Selectable coach tones, and making the model's dials actually do something

Shipped

The daily brief used to have one voice: supportive when things were going well, a roast when I was slipping. That blend was mine and baked into the prompt. v0.10.0 makes it a profile you choose. There are four: supportive (your biggest believer), neutral (the emotion removed), hardass (never satisfied), and adaptive (the old behavior, kept as the default so a fresh clone is unchanged). Each is a real file you can read and edit, with a written voice and a set of numbers, and you switch with a config command.

The personas were the easy half. The two things that actually took thought were making the numbers mean something and proving the tones behave. Both generalize past a fitness app, so here is the end-to-end build: profiles as files, a prompt builder that turns one of those numbers into a real code switch, the call site that uses it, and the test that keeps it honest.

A profile is a file, not a personality

The first decision is where a tone lives. Hard-coding four prompt strings in a match statement works until you want to read them side by side or tweak one without redeploying. So each tone is a flat config file: a block of prose that sets the voice, and a few numbers that the code reads. Keeping this kind of static app data in declarative files instead of code is the old separate-data-from-code instinct; it rhymes with twelve-factor config, though strictly that factor targets settings that vary between deploys, and these presets are the same in every deploy (The Twelve-Factor App: Config). A reader can open hardass.toml and see exactly what that coach is, prose and dials together.

# tones/hardass.toml
name = "hardass"
voice = """
You are a demanding strength coach who is never quite satisfied.
Acknowledge effort in one line, then push for the next level.
Translate jargon, keep it short, never pad with praise.
"""
harsh = true          # read by code, not just the model
warmth = 2            # 1-10, lives in the prose only
target_pressure = 9   # 1-10, lives in the prose only

The other three are the same shape. adaptive is the default, so it has to exist for a fresh clone to boot, and supportive is the soft counterweight the tests lean on, so both are real files too. neutral is the same pattern with the warmth dialed flat:

# tones/adaptive.toml: the default, the old blended behavior
name = "adaptive"
voice = """
You read the week. Celebrate real wins warmly, but when the user is
slipping against a goal, name the gap and push for the next level.
Translate jargon, keep it short.
"""
harsh = true
warmth = 6
target_pressure = 6

# tones/supportive.toml
name = "supportive"
voice = """
You are the user's biggest believer. Lead with what went well,
frame every gap as the next small step, never scold.
Translate jargon, keep it short.
"""
harsh = false
warmth = 9
target_pressure = 3

# tones/neutral.toml
name = "neutral"
voice = """
You are a flat, factual coach. State what the data shows and the next
action, with no encouragement and no scolding.
Translate jargon, keep it short.
"""
harsh = false
warmth = 1
target_pressure = 5

Notice the split that the rest of the post turns on. warmth and target_pressure are numbers I hand to the model inside the prose, and the model interprets them as best it can. harsh is a boolean my code reads directly. They look like peers in the file; they are not peers in how much I can trust them, and the next section is why.

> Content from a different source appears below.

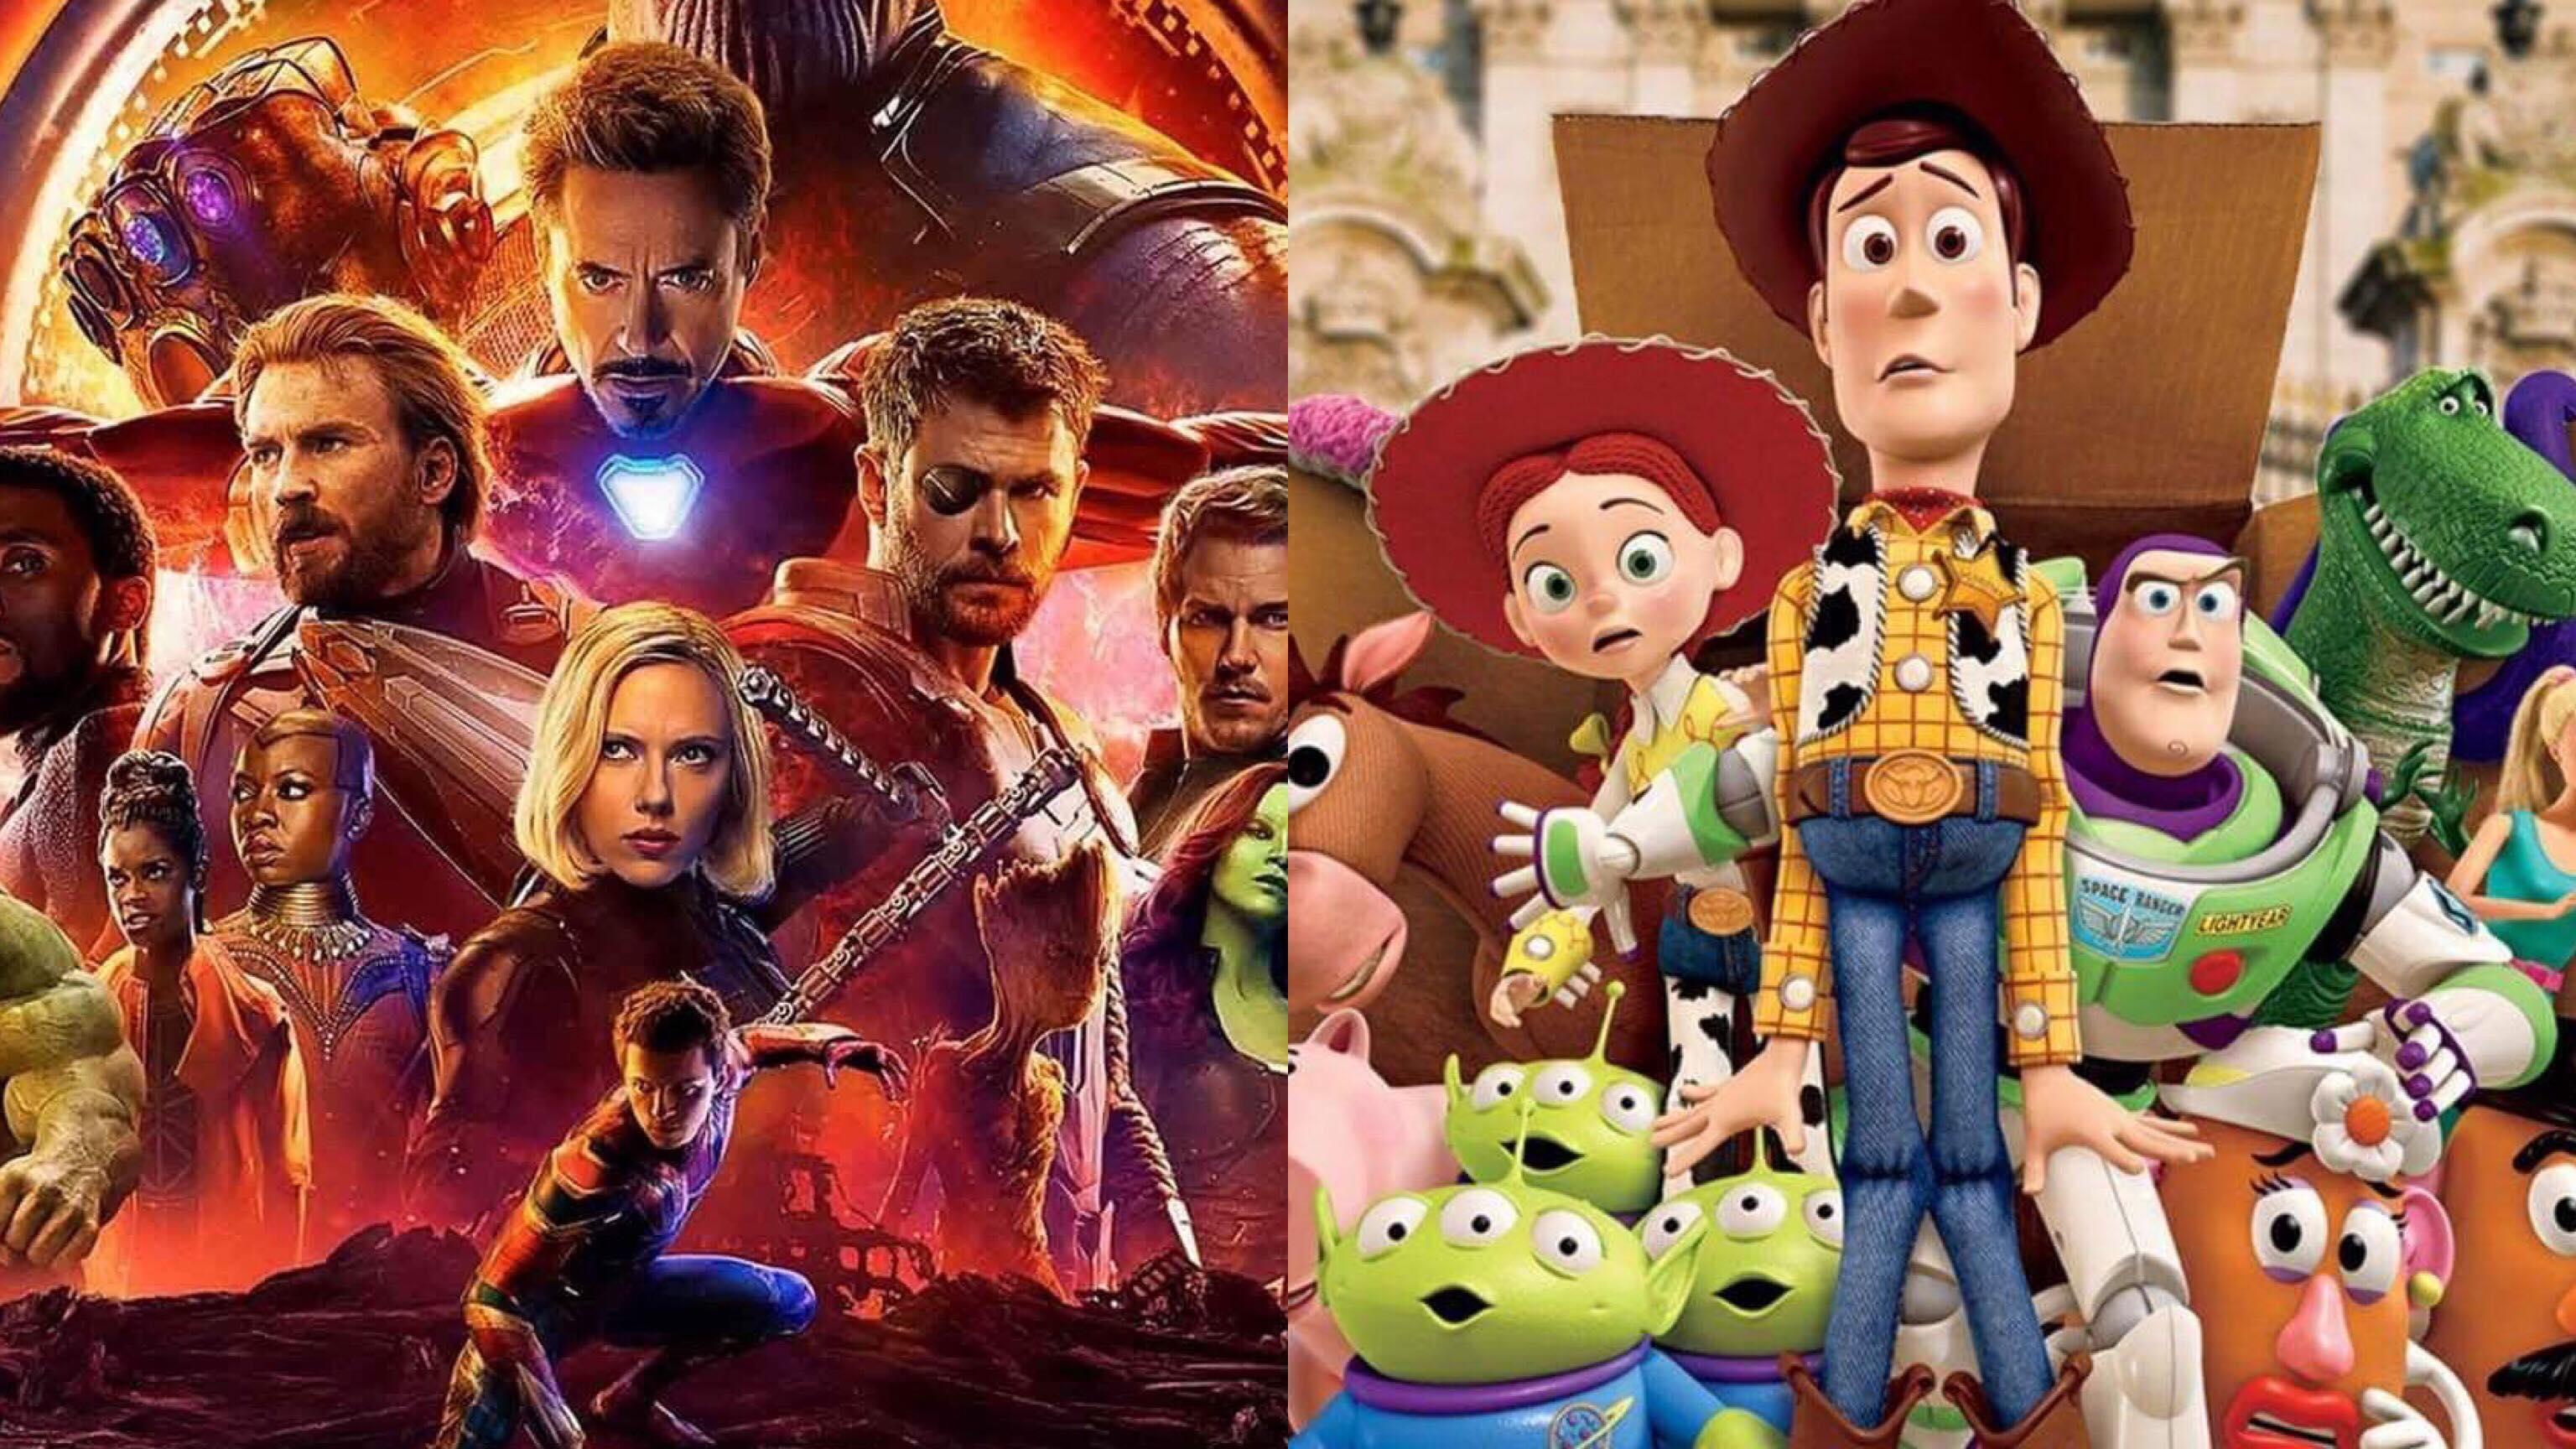 2019 年全球最賣座 的電影冠軍不一定是《復仇者聯盟4》,外媒預測還有 4個競爭者! – 我們用電影寫日記
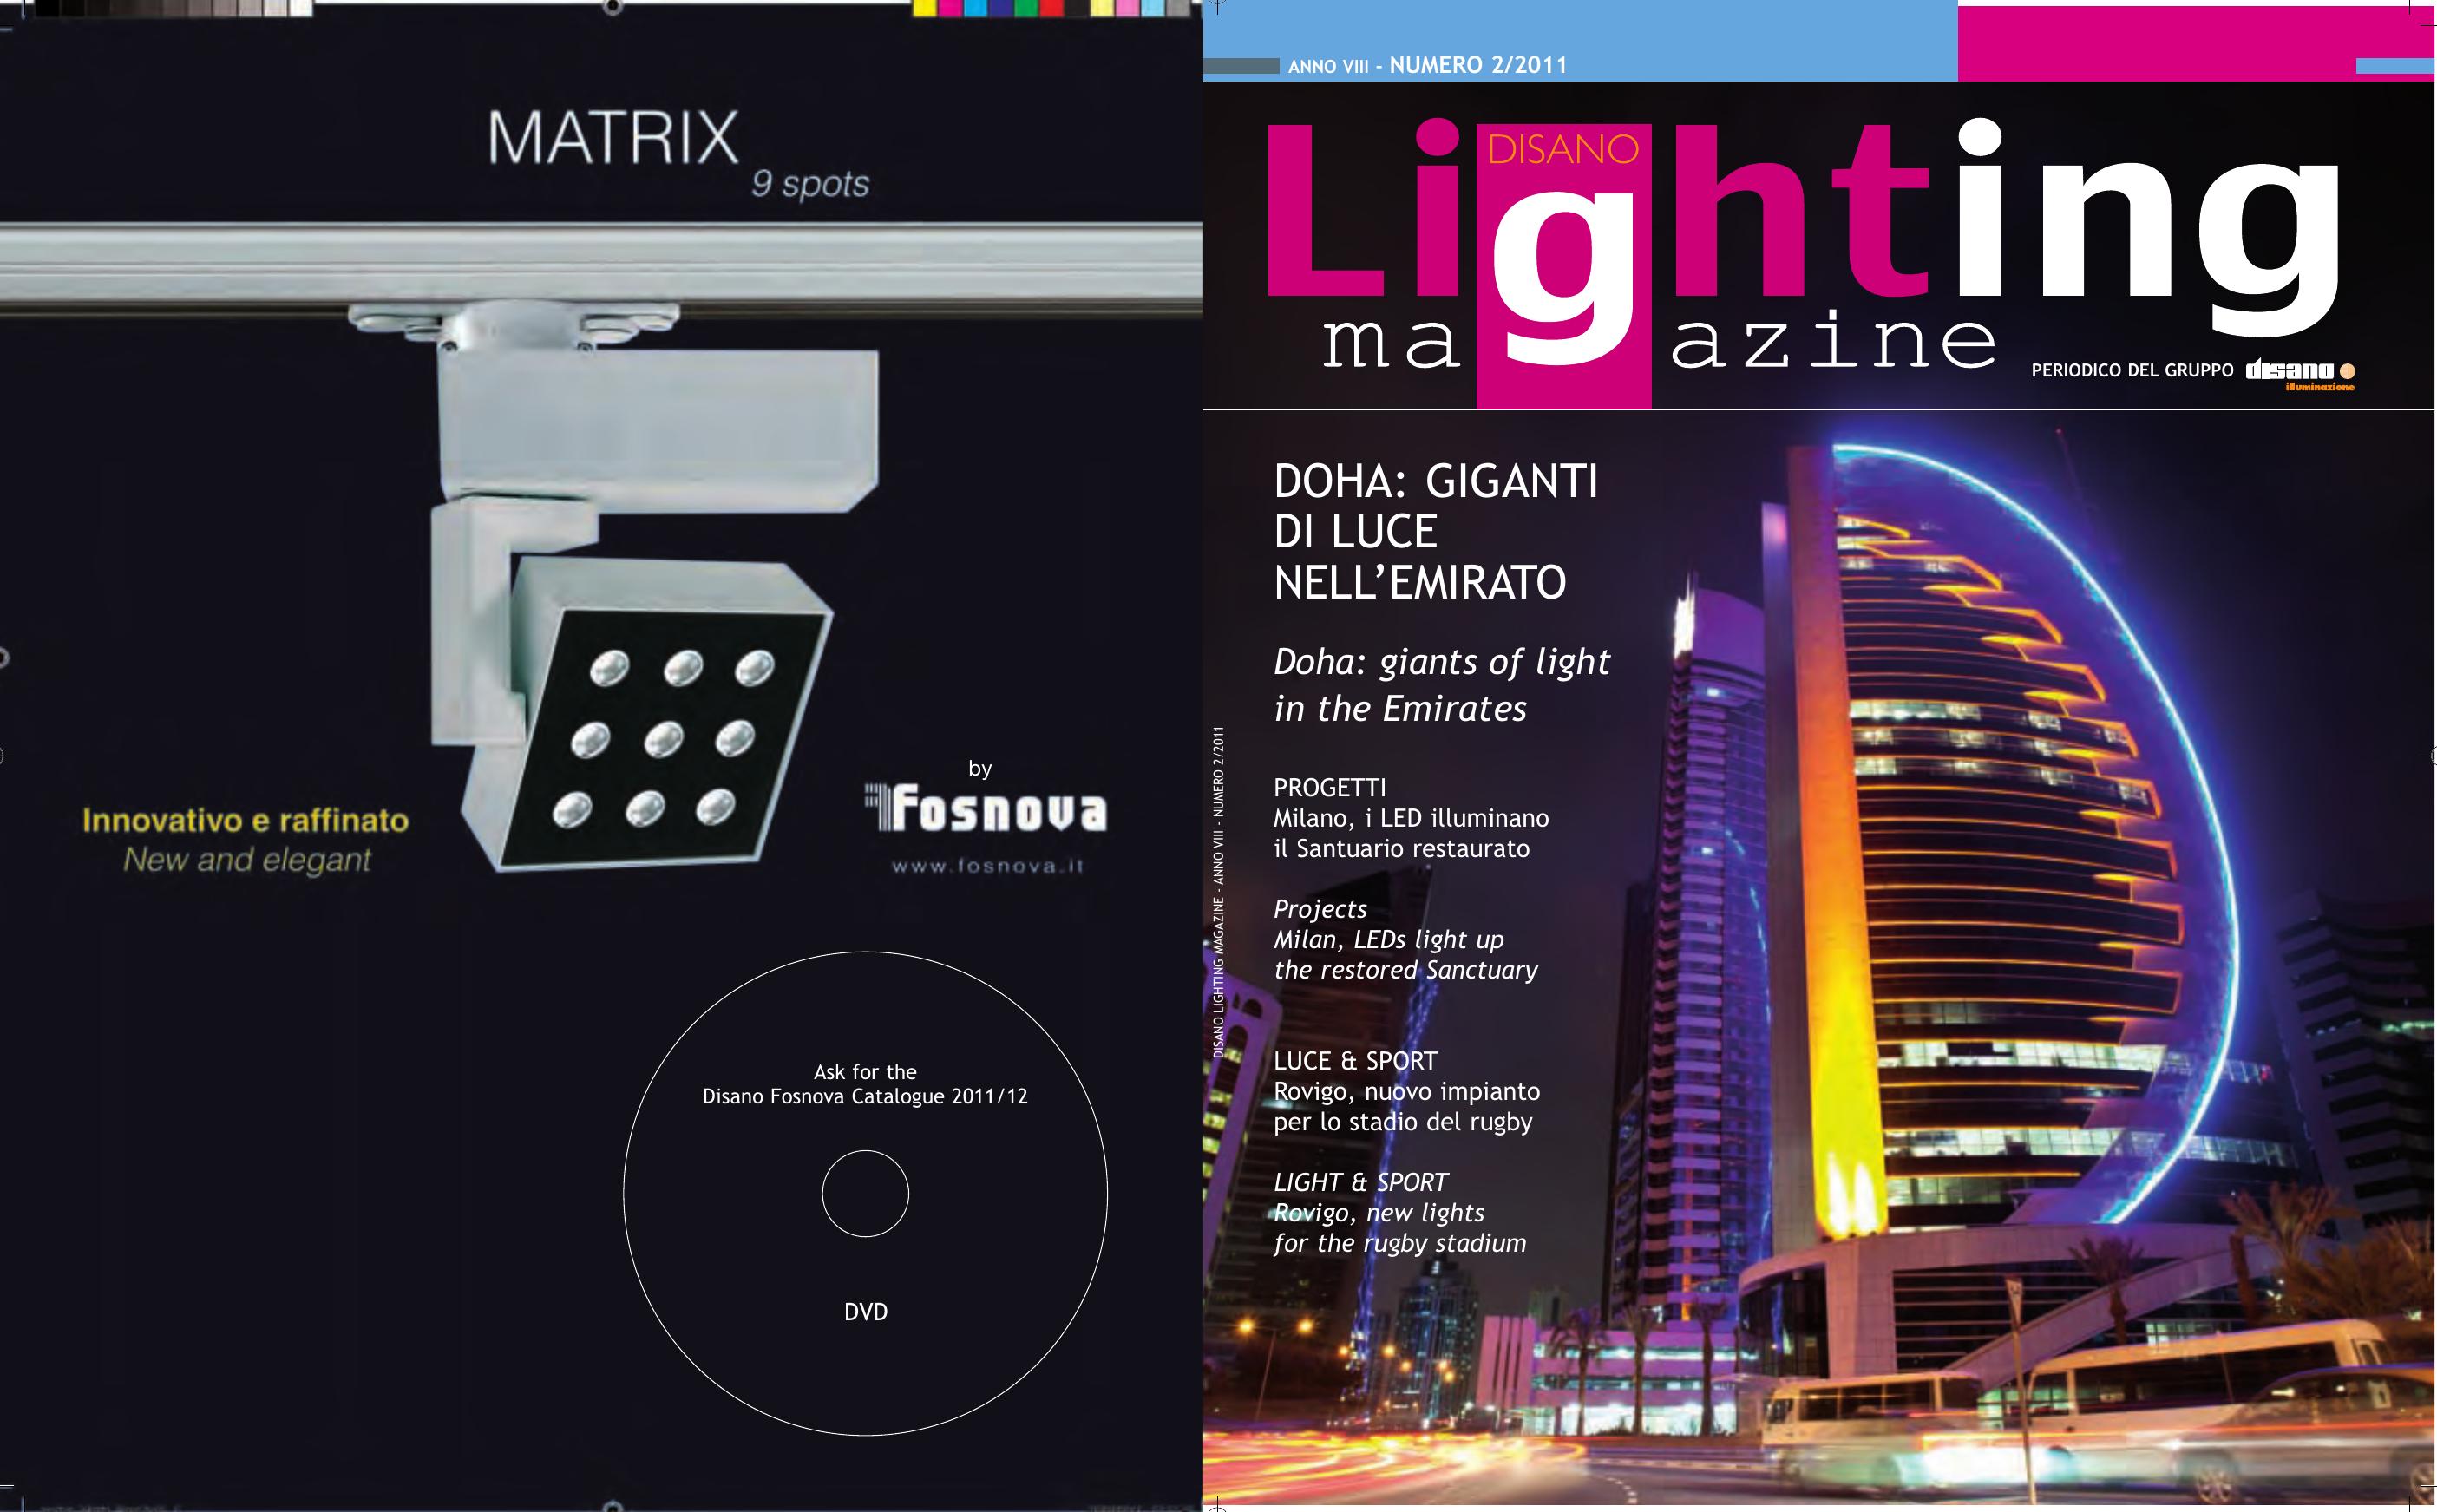 Lavorare In Qatar Architetto doha: giganti di luce nell`emirato | manualzz

Load the profile into something typed

Before any of that is useful, the files need to become a typed object the rest of the program can pass around. A small loader reads the TOML, validates that the fields exist, and returns a frozen dataclass. Doing the validation once at load time means a malformed tone fails loudly at startup rather than silently producing a weird brief at 6am. This needs Python 3.11+, where tomllib is in the standard library (on older versions the tomli backport is a drop-in, and the int | None annotations below want 3.10+).

# tones/profile.py
import tomllib
from dataclasses import dataclass
from pathlib import Path

TONES_DIR = Path(__file__).parent

@dataclass(frozen=True)
class Profile:
    name: str
    voice: str          # the prose the model reads
    harsh: bool         # the dial the code reads
    warmth: int
    target_pressure: int

def load_profile(name: str) -> Profile:
    path = TONES_DIR / f"{name}.toml"
    if not path.exists():
        raise ValueError(f"unknown tone {name!r}; have {available_tones()}")
    data = tomllib.loads(path.read_text())
    return Profile(
        name=data["name"],
        voice=data["voice"].strip(),
        harsh=bool(data["harsh"]),
        warmth=int(data["warmth"]),
        target_pressure=int(data["target_pressure"]),
    )

def available_tones() -> list[str]:
    return sorted(p.stem for p in TONES_DIR.glob("*.toml"))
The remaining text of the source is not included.